Econet security was almost non-existent.

You could have your BEEB as a privileged station, which enabled you to do all sorts of things like peek at the screen of another station on the network, or even remote control other machines. Tremendously useful in a teaching environment.

The only problem was that the only thing that marked your station out as privileged was a single bit in a particular memory location of your machine. It was easy to poke (well, use the ? operator) this byte, and hey presto, your system became privileged.

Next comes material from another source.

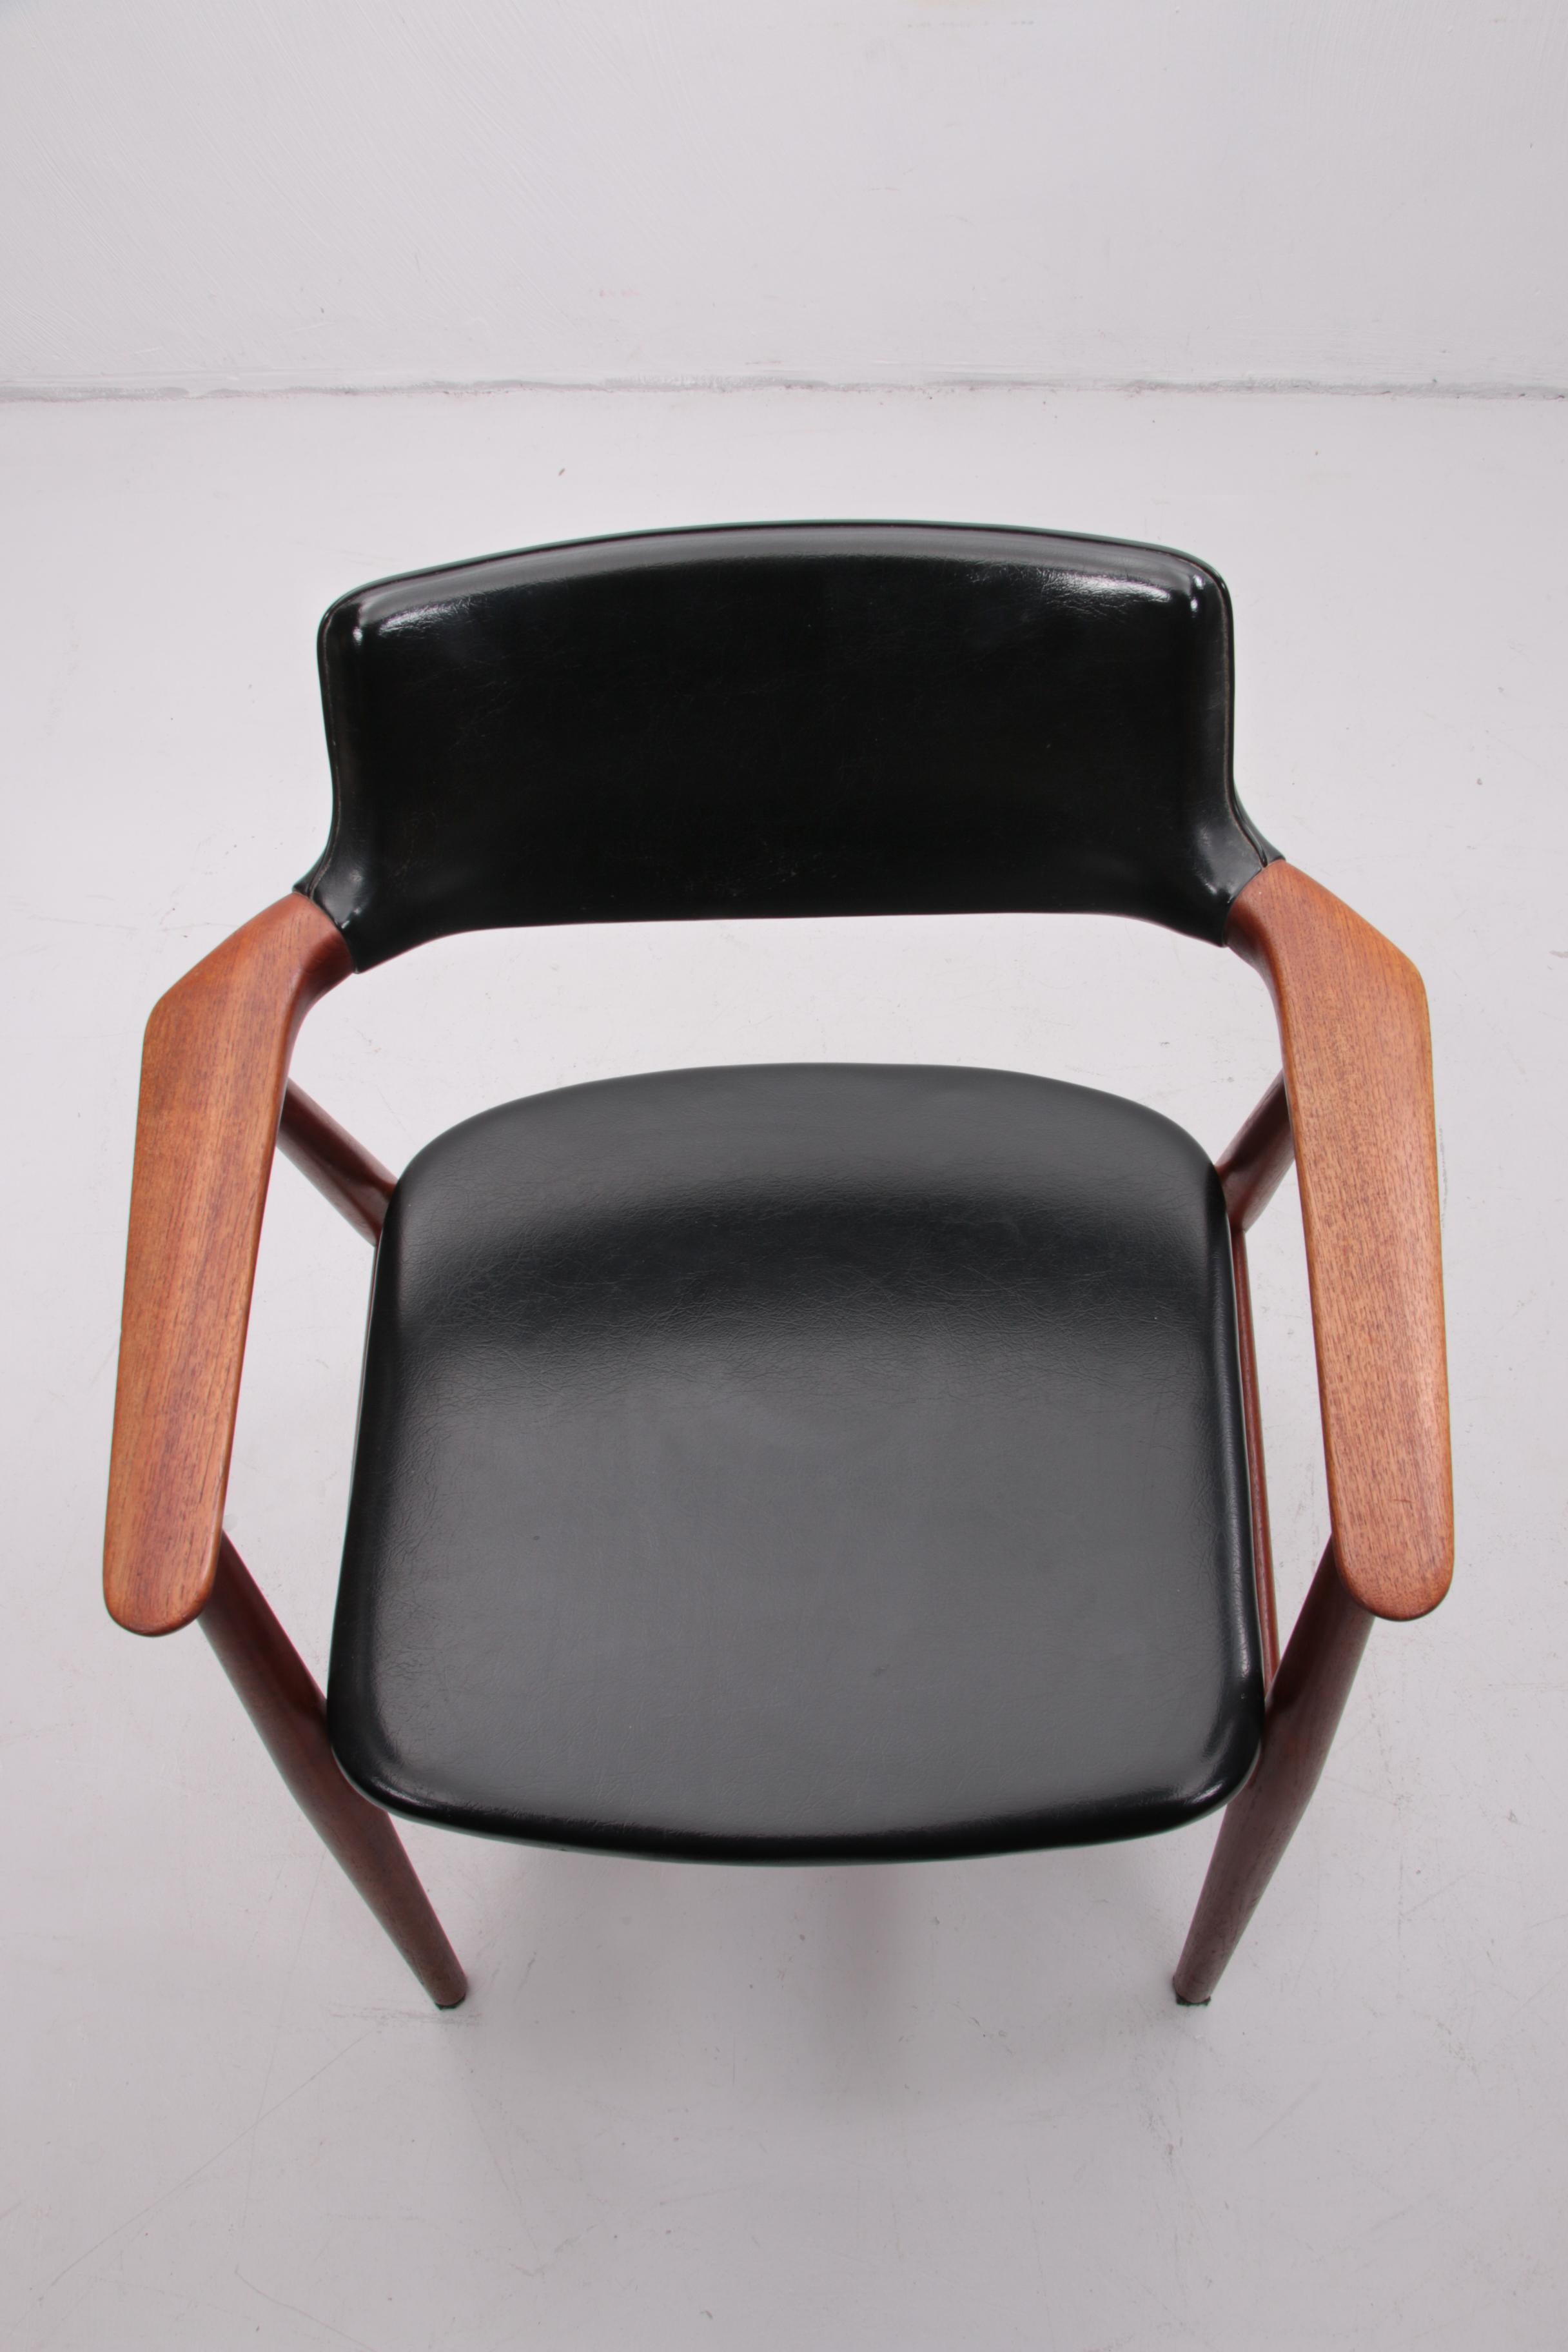 Svend Age Eriksen Dining Room Chair Model Gm11, 1960 For Sale 4
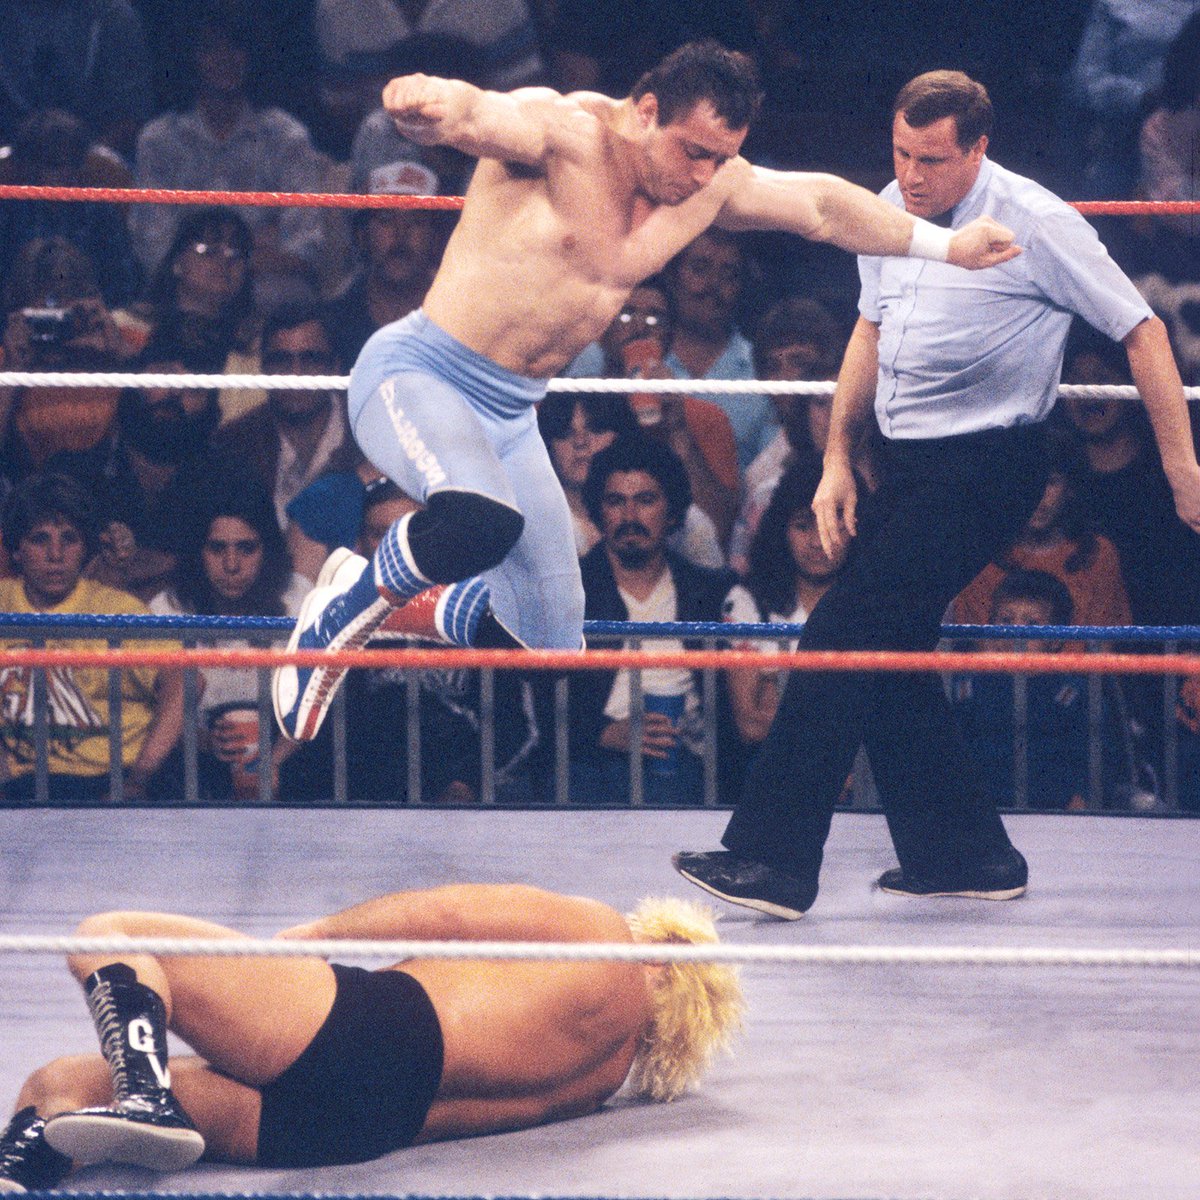 📸 WWF Action Shot! #WWF #WWE #Wrestling #DynamiteKid

Yes, we know you did it frequently, Gary Partis, wherever you may be.

Unfortunately, being on a privileged station, you could then do all sorts of bad things to the file server (yes, Econet Level 3 allowed you to have a hard disk based fileserver on the network), so we had to warn the lecturers not to keep their assessment marks on the file server.

Putting together the computer appreciation BBC micro lab we had at Newcastle Poly in the early '80s was one of the most fun things that I ever did in my working life, and as of last year, my BBC Model B with an Issue 3 motherboard, serial number in the 7000's and BBC Basic 1 in EPROM is still working (it's missing the OSBYTE, OSWORD and OSCLI keywords, amongst other things)

BTW. Anybody know where to get double-sided single density soft sectored 5.25" diskettes from? Mine are shedding oxide, and many are unfortunately unreadable.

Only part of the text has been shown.